The most common way to administer enteral nutrition using an open system involves the use of disposable plastic bottles specifically developed for this purpose. These bottles are equipped with caps adapted to connect to enteral feeding sets designed for enteral nutrition administration, allowing the product to be delivered directly to the patient through an feeding tube.

In the open system, the industrially produced enteral nutrition formula is transferred from its original packaging, an aseptic carton packaging, into the enteral feeding bottle or bag. This transfer can be done manually or with the aid of devices that facilitate the process. It's important to note that aseptic carton packaging used in open-system products typically features automated opening devices (AODs).

However, when the formula is transferred from the aseptic carton packaging to the enteral feeding container, it becomes exposed to the environment and loses its sterility. For this reason, the open system has a shorter administration timeframe after preparation—typically 4 to 8 hours from opening to the end of infusion—and requires careful handling to ensure patient safety. This is a significant disadvantage compared to the closed system, which has an administration timeframe of 24 to 48 hours. It's mandatory that the handling of the enteral nutrition formula in the open system be performed in a hygienically controlled and validated environment.

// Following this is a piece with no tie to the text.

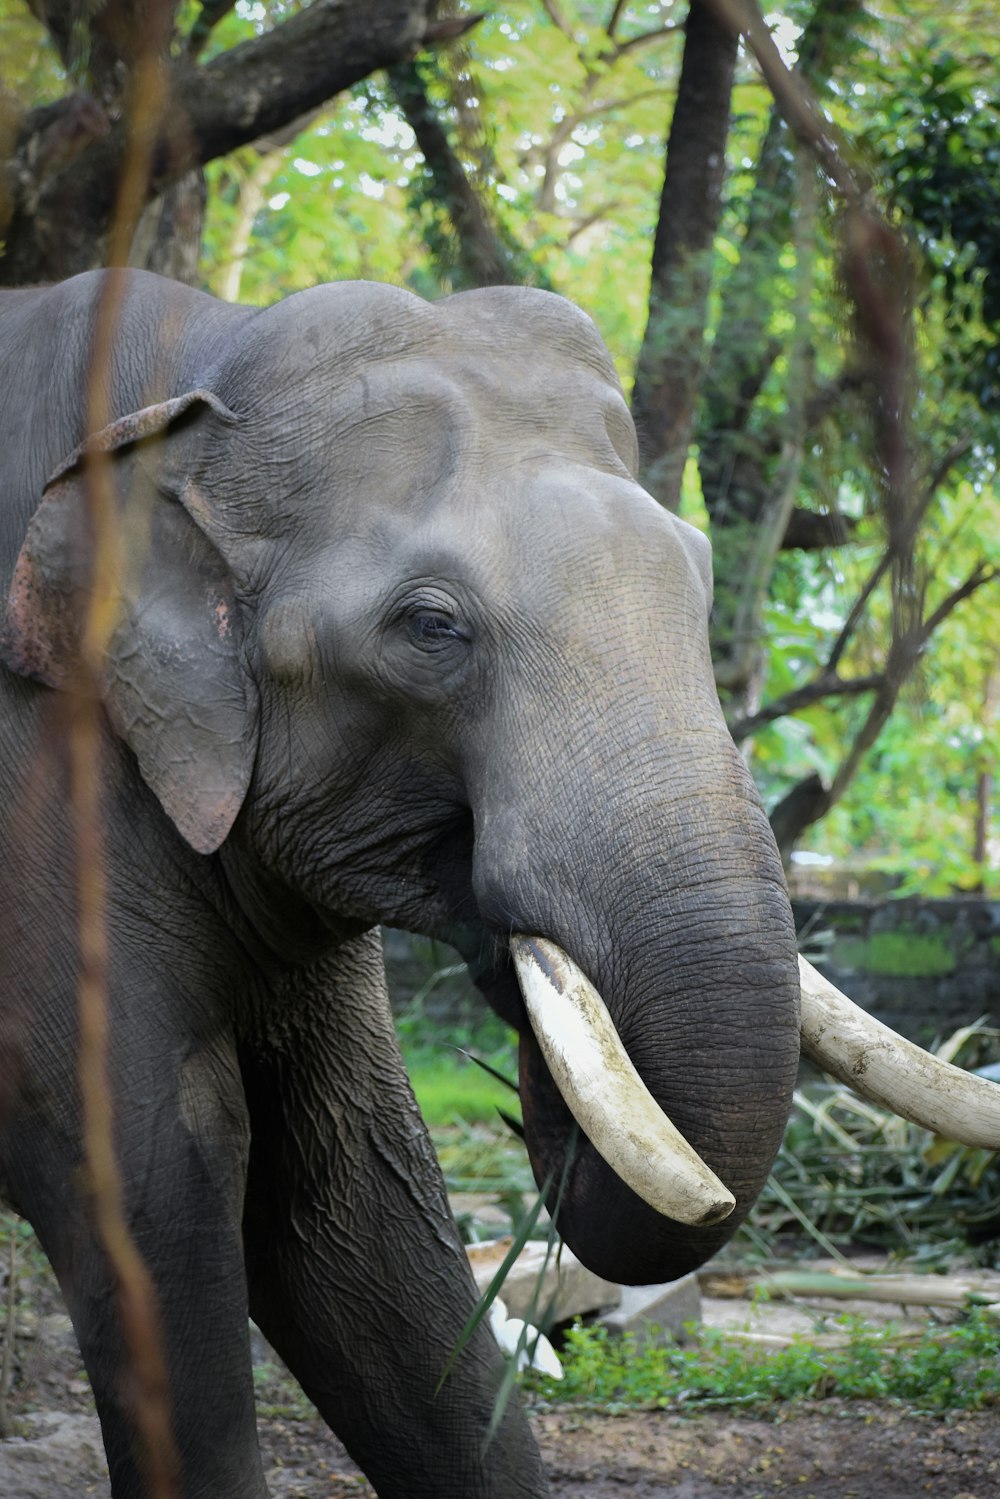 an elephant with long tusks walking through a forest

The integrated opening system commonly used in aseptic carton packaging generally consists of an automated opening device—composed of a base with a spout and a cap—affixed to a pre-cut and weakened section of the packaging. Such automated opening devices are incorporated into aseptic carton packaging by an automated machine. This machine applies a layer of hot-melt adhesive to the underside of the base of the opening device, then positions it over the weakened section of the packaging, firmly pressing it down. The hot-melt adhesive cools rapidly, integrating the opening device to the packaging and completing the process.

It is important to note that such applicator machines are highly efficient and accurate, capable of processing a large volume of packaging per minute in a controlled environment. Furthermore, these machines are pre-set to apply a device of a particular size and shape. Therefore, it is crucial that the opening device is made from a material robust enough to withstand the machine's forces during processing and is precisely dimensioned to match the applicator machine's pre-established parameters. It's worth noting that this invention was developed to work seamlessly with these machines without requiring any adjustments to the pre-set parameters for the standard opening device.

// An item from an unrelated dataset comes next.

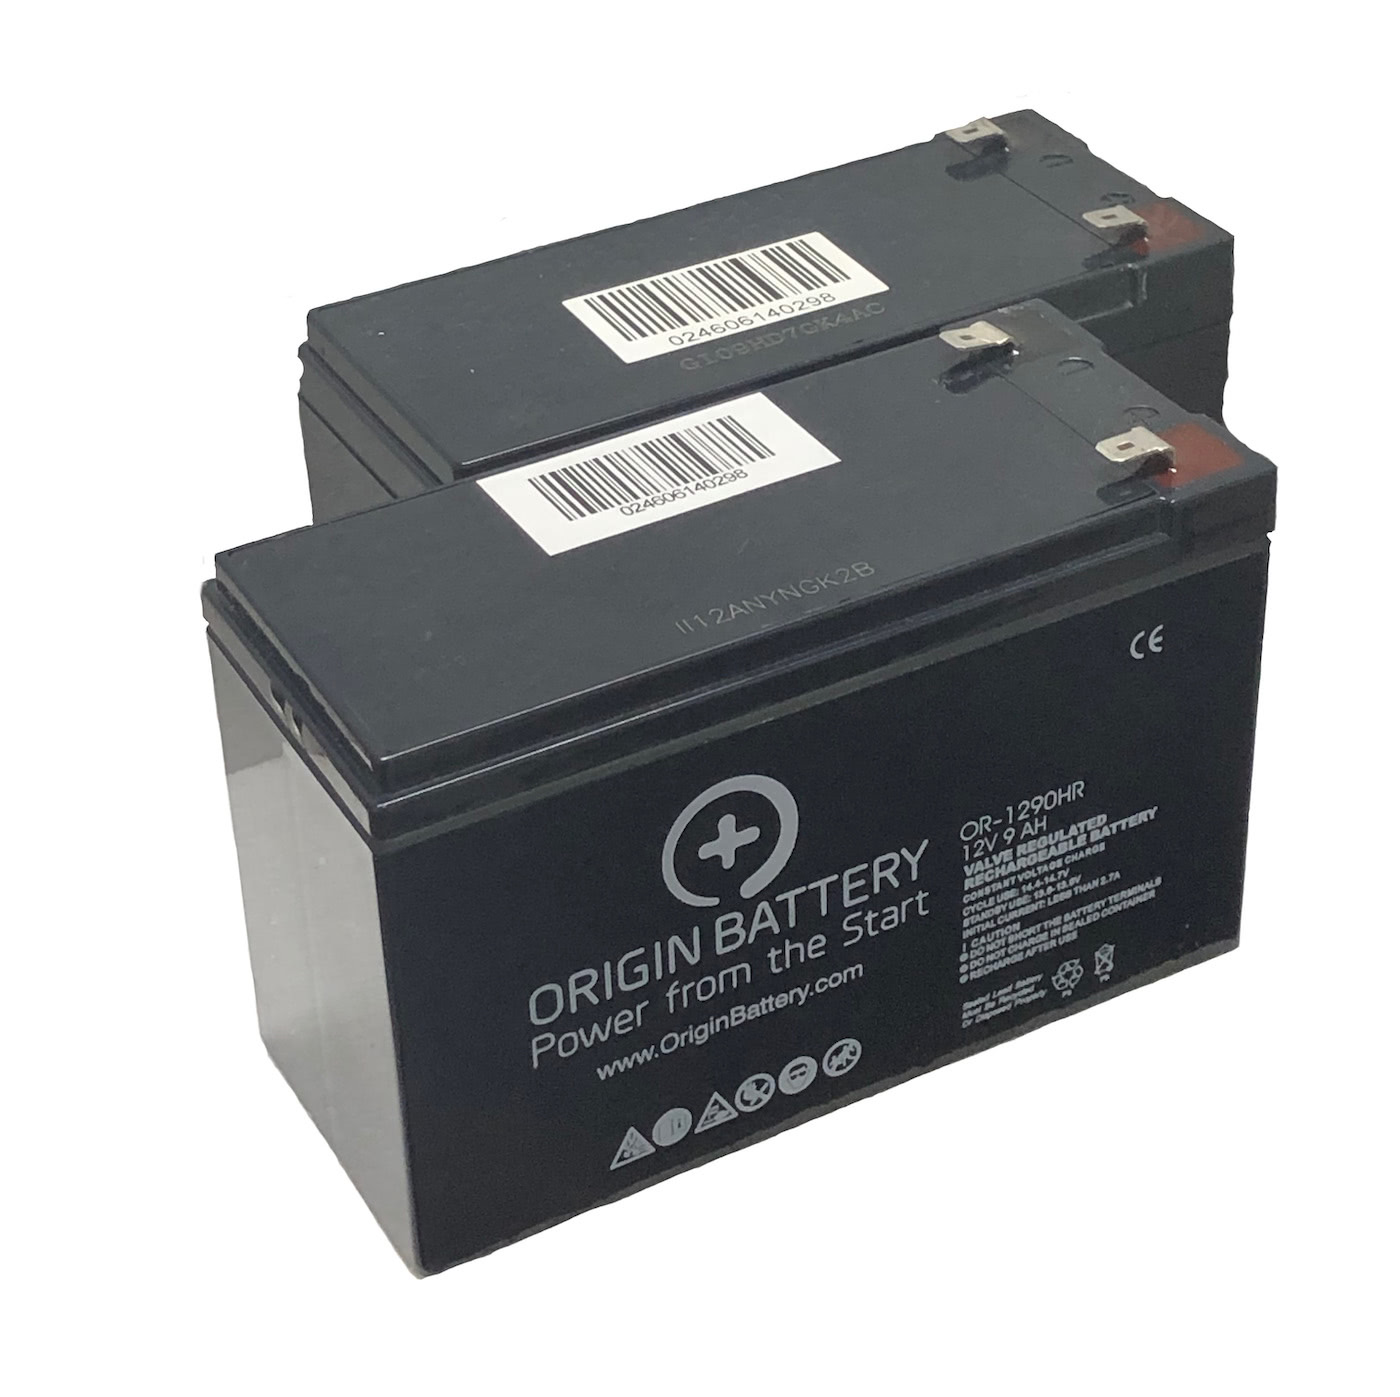 Does this battery fit the e120 razor scooter

The importance of barrier layers in food packaging is widely recognized, essential for protecting them against the detrimental effects of oxygen and light. Aseptic carton packaging is a notable example of this type of packaging. Long before its application in enteral formulas, this packaging was already used to aseptically contain liquid products.

Such multilayer packaging typically features a thicker layer of fibrous material that is coated on both sides by layers of a sealing material, usually made of low-density polyethylene (LDPE). Thus, during the packaging formation, both surfaces (external and internal) are covered by layers of this sealing material. The thicker fibrous material, usually made of cardboard, provides structural stability to the packaging. For this reason, these packages are commonly known as aseptic carton packaging.

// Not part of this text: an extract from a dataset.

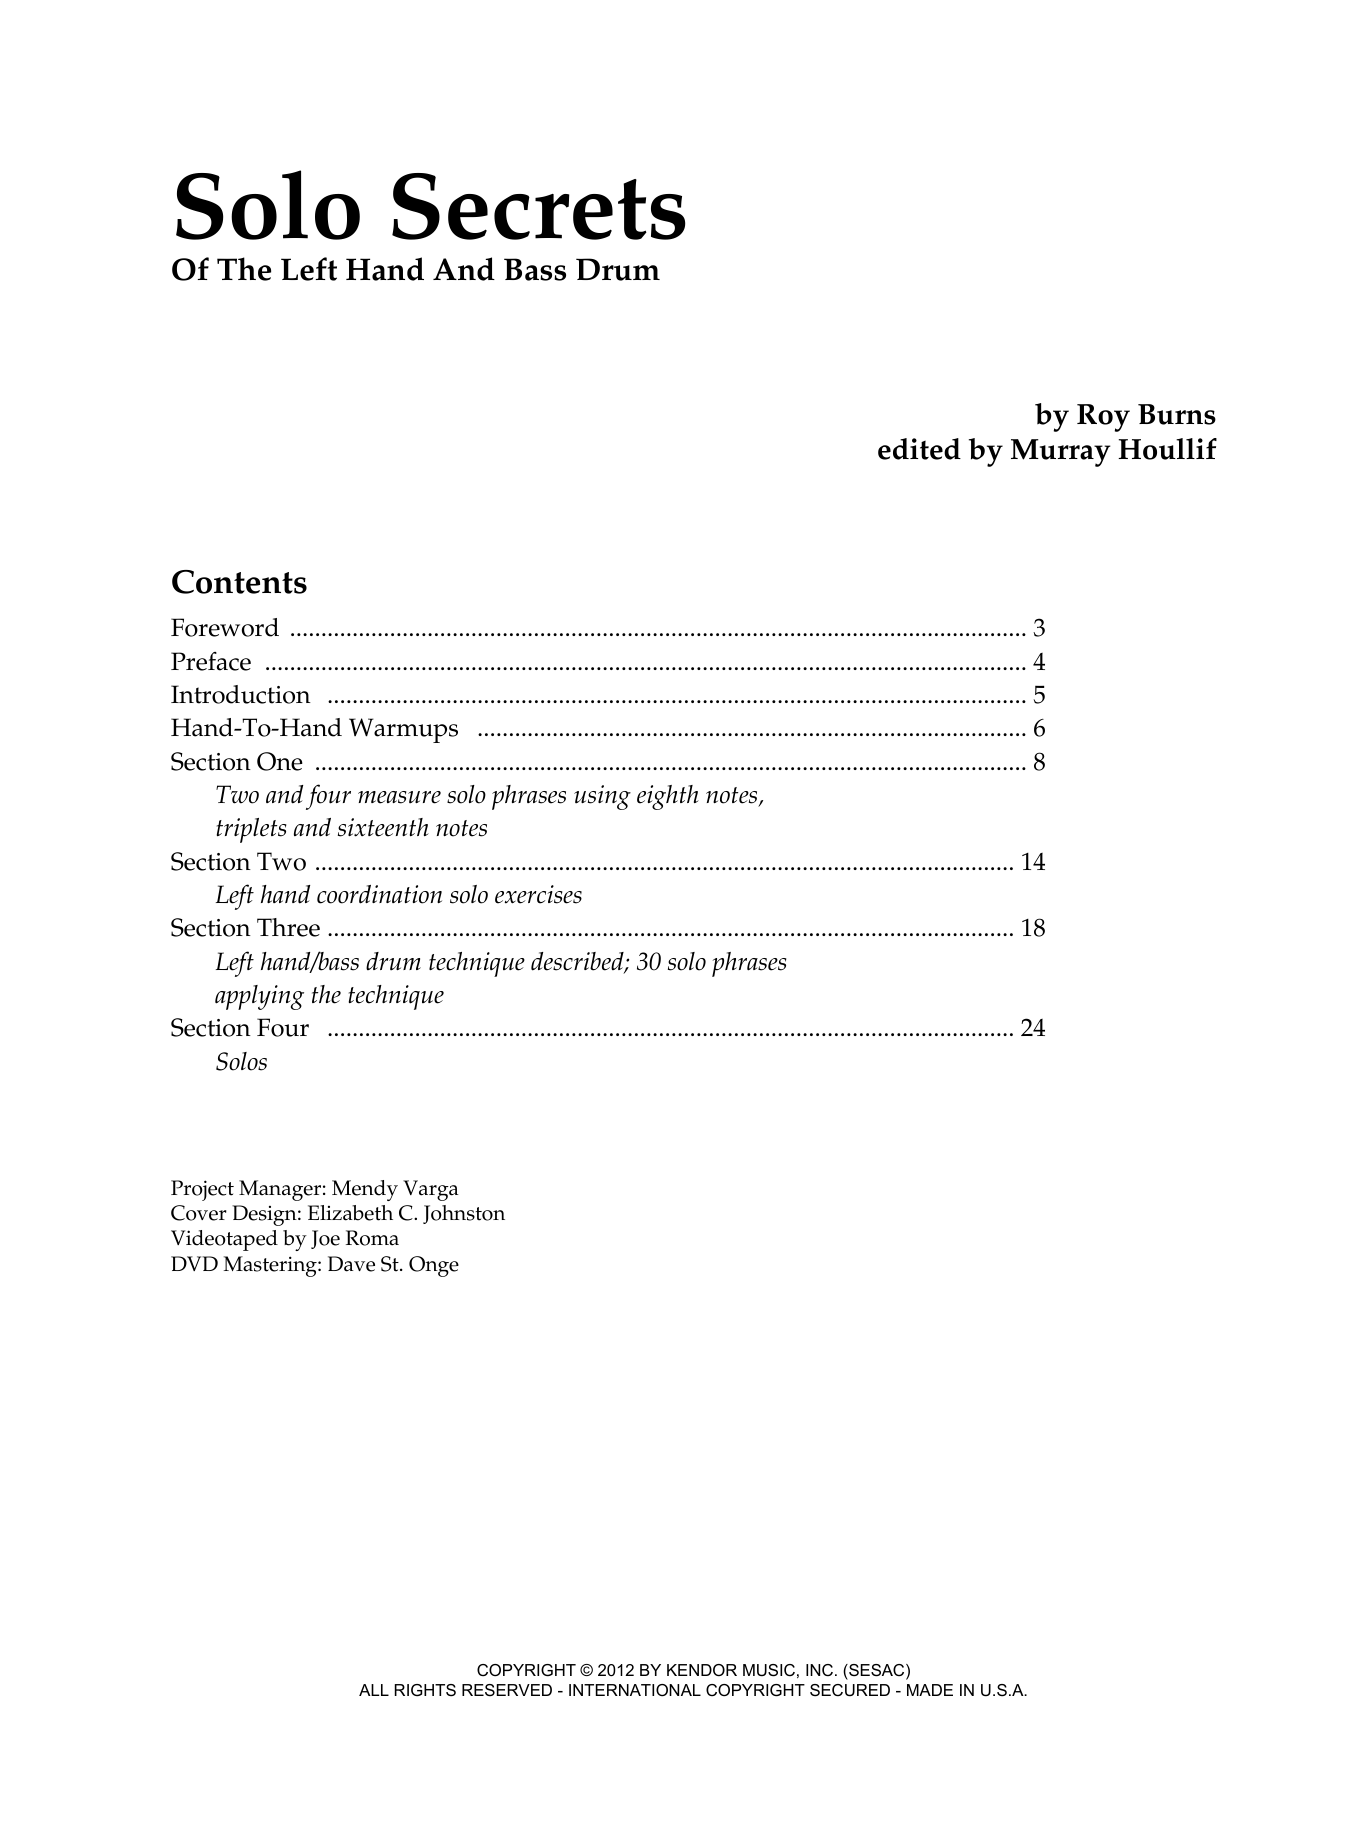 Download Murray Houllif Solo Secrets - Of The Left Hand And Bas Sheet Music

Over the years, these packages have undergone evolutions, especially in their opening systems. Such systems are widely recognized and used across a broad range of products, from items like milk and juices to enteral nutrition (open system). Some of these mechanisms include: a) packaging without an integrated opening system (WIOS); b) “Single Serving” opening system (SSOS); c) “Pull Tab” opening system (PTOS); d) “ReCap” type cap (RCTL); e) cap with manual seal opening (LMSO); f) automated opening device (AOD). The latter, the automated opening device (AOD), will be particularly detailed. This is due to the fact that the process of applying the AOD is identical to the process of applying the device conceived by the present invention, developed to be applied as a replacement for the AOD when the manufactured product is intended for a closed system, justifying its importance to this document.

The automated opening device (AOD) is commonly integrated into the top of aseptic multilayer packaging, consisting of a base with a threaded spout and a corresponding cap. This configuration allows the packaging to be resealed and stored for future use after it has been opened and partially used.

The laminated material intended for this type of opening has the top layers of plastic and cardboard strategically removed in the region just below where the AOD will be affixed. The resulting region is a weakened area, a circular cut concentric to the spout of the AOD's base, which acts as a protective seal for the contents. It is precisely this weakened layer that will be cut during the first opening of the cap.

Within the AOD, positioned inside the base's spout in a cooperative manner relative to the cap, there is a cutting element, typically cylindrical in shape with a serrated lower end, which is activated upon the first rotation of the cap, cutting through the weakened region of the packaging and opening it.

It is widely known that enteral nutrition products intended for open systems use aseptic carton packaging. Thus, the techniques related to the open system present a mode of administration that requires opening the packages and transferring the product to bottles developed for this purpose.

The patent literature indicates that alternative solutions have been proposed to allow the administration of enteral products directly from their original aseptic carton packaging, using specially adapted enteral feeding sets to connect to the spouts of these packages. These solutions can be seen in document CN1711116A and patent application BR2020210228593 filed with INPI-BR. However, the practical implementation of this technique is limited and not widely adopted.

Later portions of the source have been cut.